I think I’ve just paraphrased your words, I’m sure. We should perhaps start by mentioning Leo who can’t be here because of health reasons. But he’s the founder of the field, he invented the mechanism design theory and he’s also the oldest ever Laureate at 90 years old. He started this field half a century ago in a very different climate. Then people were considering the differences or trying to compare economic institutions in capitalist and communist situations for instance. Was that a very different time to be doing economics?
Roger B. Myerson: I don’t think 1972 was that different a climate. I think he was responding. Much of his career was in response to this early 20th century capitalist versus socialist debate where it can’t be a recognition that all of our wonderful results about the efficiency of the free market didn’t necessarily mean that a socialist command economy was bad. In fact they didn’t say anything about the socialist command economy and that economic models simply weren’t broad enough.
Leo Hurwicz was, I think, largely responding to this and Frederik Hayek’s observation that the debate between capitalism and socialism in an article of 1945 by Hayek argued that the real distinction had to be on understanding the economy. The market is a mechanism for communicating information. People who need things. People who have resources. The supply and demand are communicated in the market and Hayek said the virtues of the free market, that he said in his opinion, that socialism couldn’t imitate, were virtues of communication and this is what needed to be studied. Hayek also said that of all the economists of his time, the people who were worst about this were the mathematical economists.
You are talking to two mathematical economists and in particular Leo Hurwicz was a mathematical economist from the start. Leo understood, as I think we all do correctly, that whatever mathematical or non-mathematical economist may or may not have understood in 1945, if you think your models are not general enough to understand the broader phenomena, mathematics which is versatile and you know it’s the vigour and versatility of mathematics is a good place to go. It’s a useful tool. If economic models were not broad enough to be able to compare capitalism and socialism, mathematical models were worth pursuing and this is the challenge that Leo took.
Eric S. Maskin: Just to amplify what Roger has been saying. The debate between von Hayek and von Mises on the one hand and Lange and Learner on the other about capitalism versus a planned economy was very important and very interesting but also very frustrating in a sense because none of the terms they were using, decentralisation, a command economy. For that matter a market economy were defined precisely enough so that the debate could be assessed and actually Leo got into his great work in part because he was trying to understand just what these terms might mean. The word decentralisation sounds as though it has an obvious meaning, but when you think about it for a moment, you see that it’s really quite a subtle concept. He spent a good many years just puzzling over what decentralisation means.

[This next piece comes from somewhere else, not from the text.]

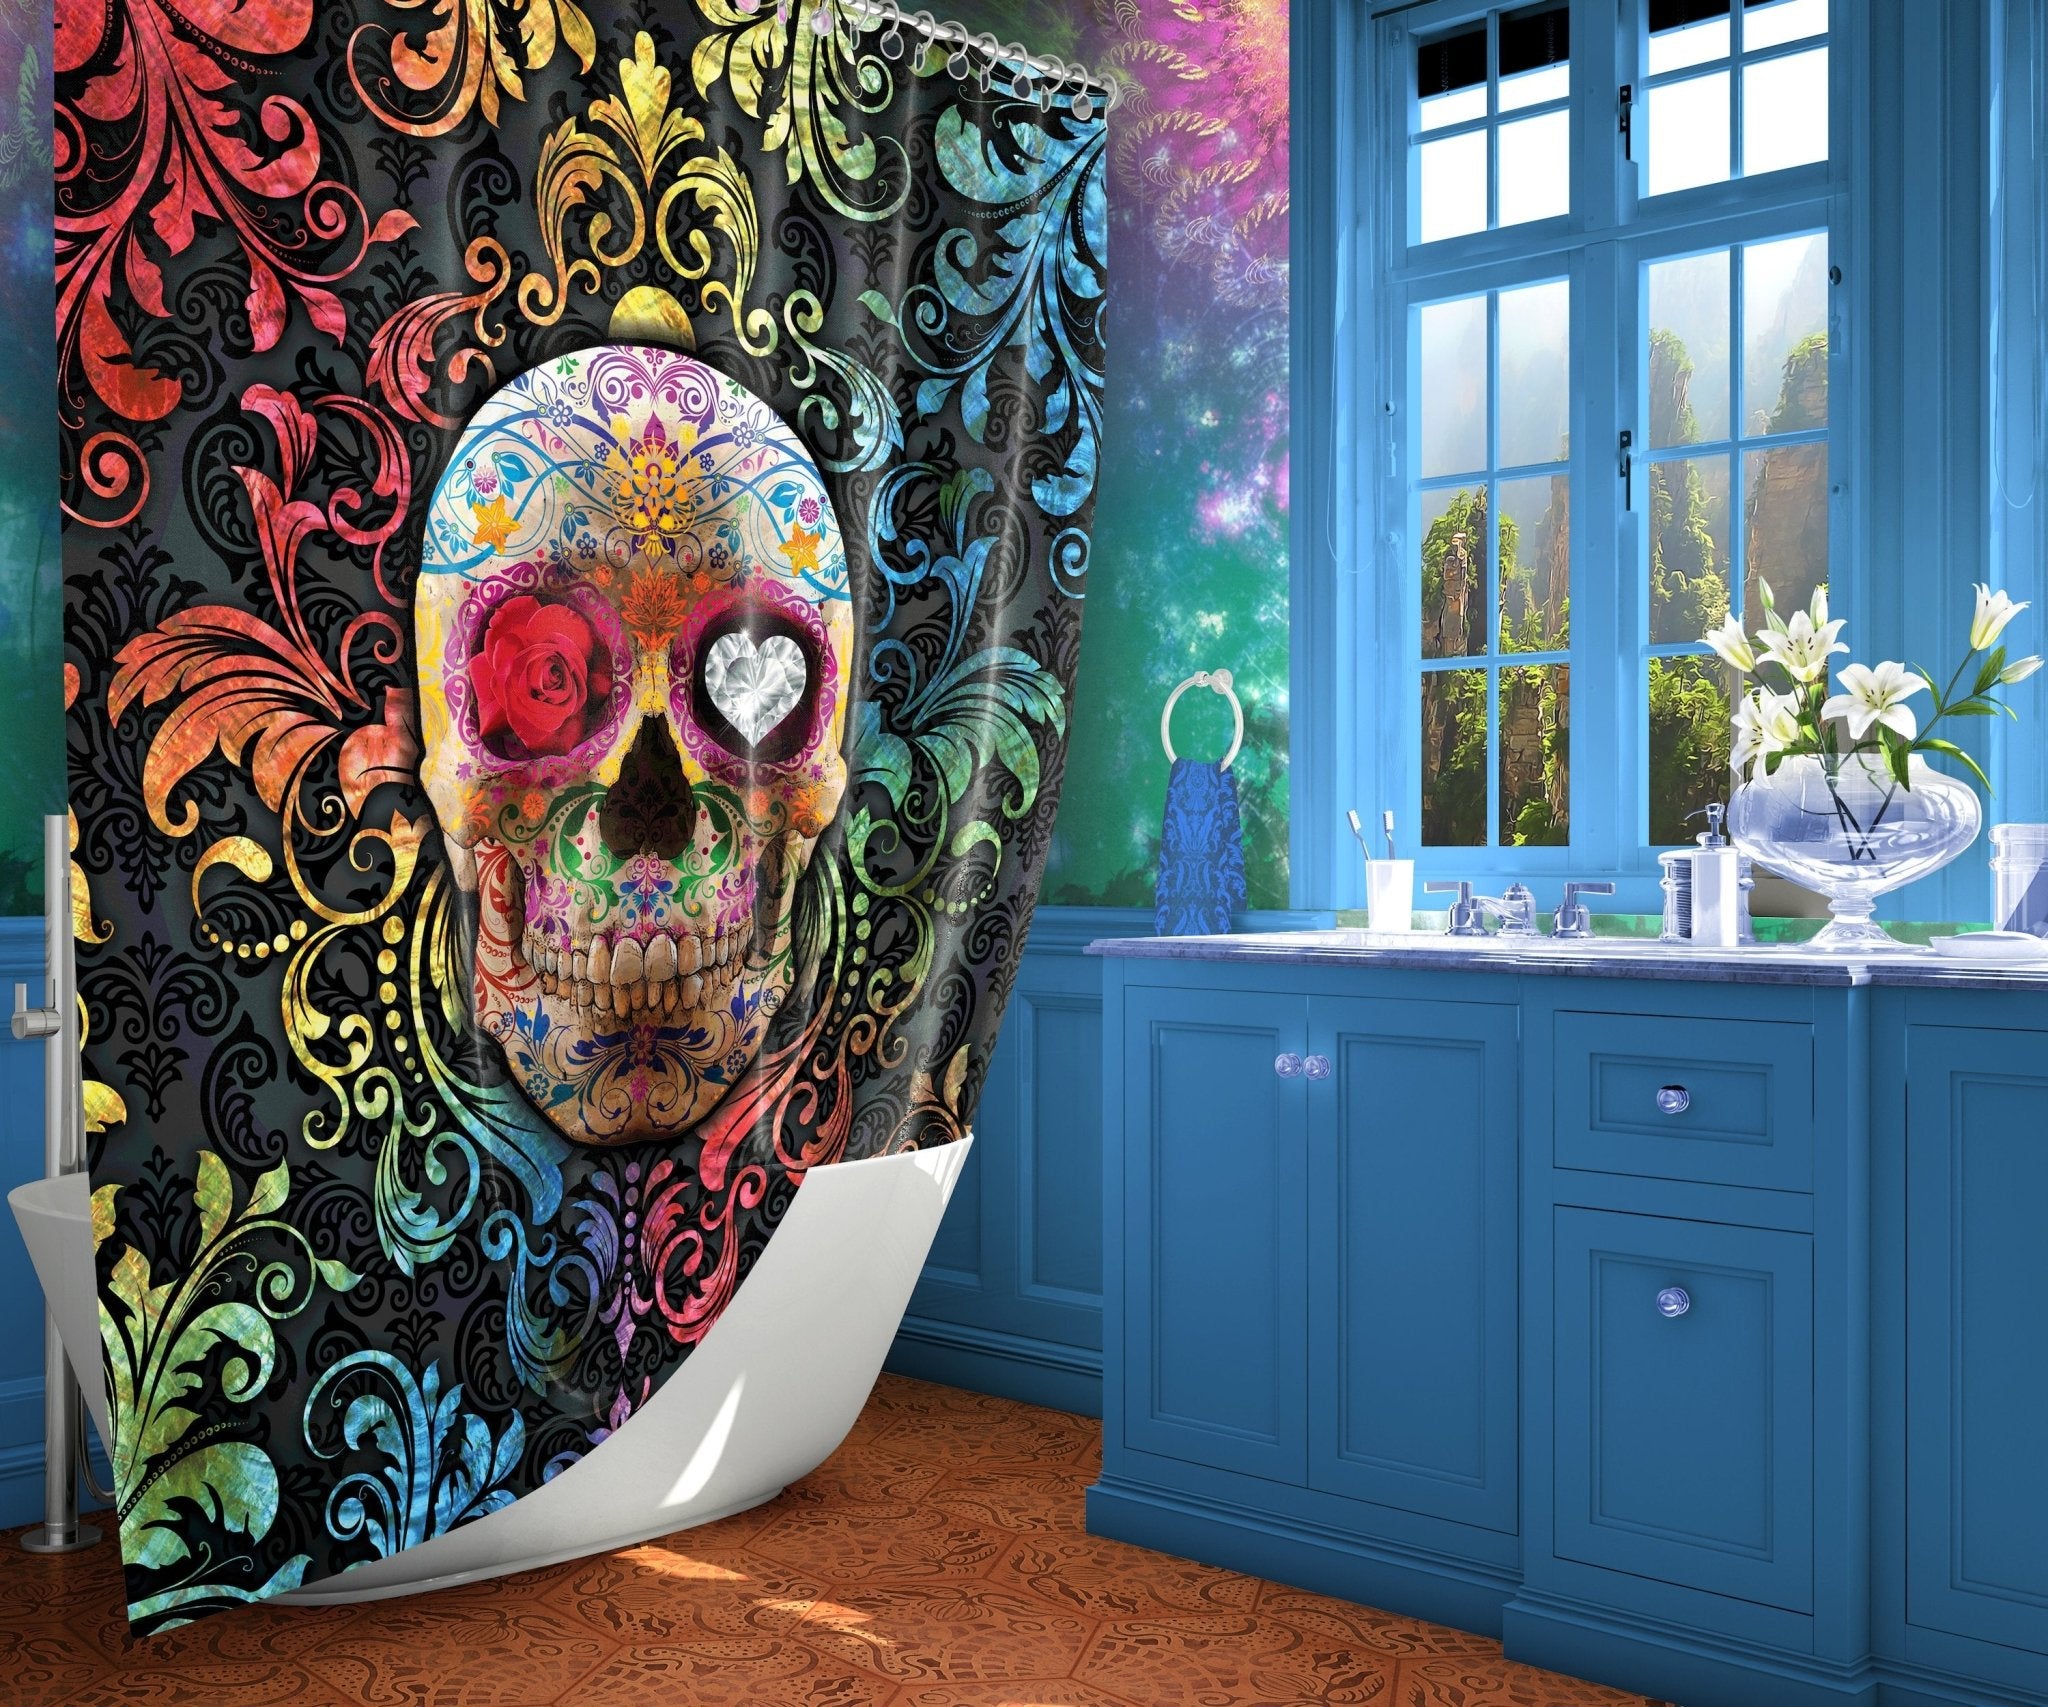 Sugar Skull Shower Curtain, Dia de los Muertos, Day of the Dead, Mexican Bathroom Decor, Festive, Macabre Decor - Abysm Internal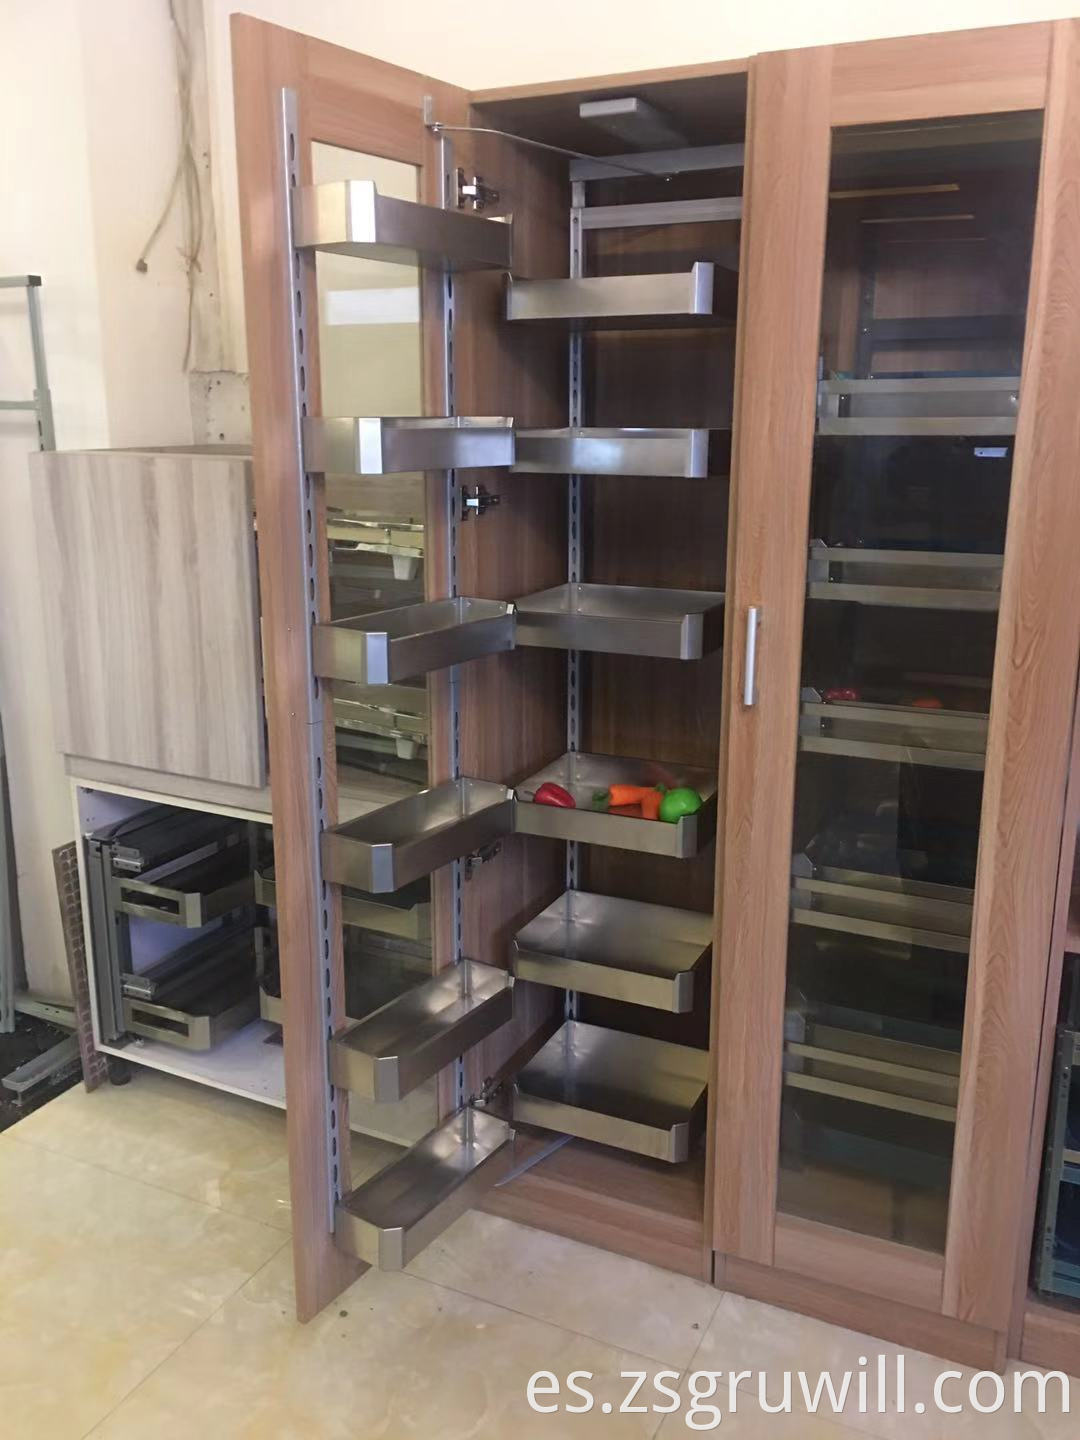 Cabinete de cocina suave cerrado unidades de despensa de despensa de larder de 400 mm de ancho

And then framing it in some kind of mathematical terms?
Eric S. Maskin: The advantage of mathematics is that it’s quite ambiguous. It gives a precision that sometimes ordinary language doesn’t provide.
Roger B. Myerson: Put it another way if you want. I would argue that in some of this debate, you can find Hayek saying things that we can now say in our models. But because Hayek couldn’t say it in formal economic models, he’d tell them to get lost. If you don’t have it in an analytical framework, the words fly by. When you have a systematic framework I think the real breakthrough was in Leo’s 1972 paper when he introduced incentives to communicate. Suddenly then things changed.
That’s the idea that the market is not dominated just by the amount of resource around, it’s also dominated by the incentives that people have to use it, to work with it, is that right?
Eric S. Maskin: Incentives are a critical part, not just of markets, but also of alternatives.
Roger B. Myerson: Exactly. They’re both.
Eric S. Maskin: And to do a proper comparison of a market institution versus a non-market institution one has to take into account the incentives of the individuals in that institution to behave as we would want them to behave.
Roger B. Myerson: In a nutshell, I think in economic theory, the models that people taught their students to work with, in trying to help satisfy the desires and needs of human beings, increased human welfare, the economic problem is constrained by their own infinite resources. And resource constraints that we don’t have enough to make, enough oil to do everything we want in the world. Resource constraints were the essence of the economic problem. Before now the economic problem, as we understand it in our models, and theory also involves incentive constraints, the incentive to communicate information honestly. The incentive to work hard and to exert effort when nobody’s watching. It is these incentive constraints when information is imperfect are the essence of daily life. But now we’ve added to resource constraints in the economic problem we also have incentive constraints, and economists understand that too, not just ordinary people.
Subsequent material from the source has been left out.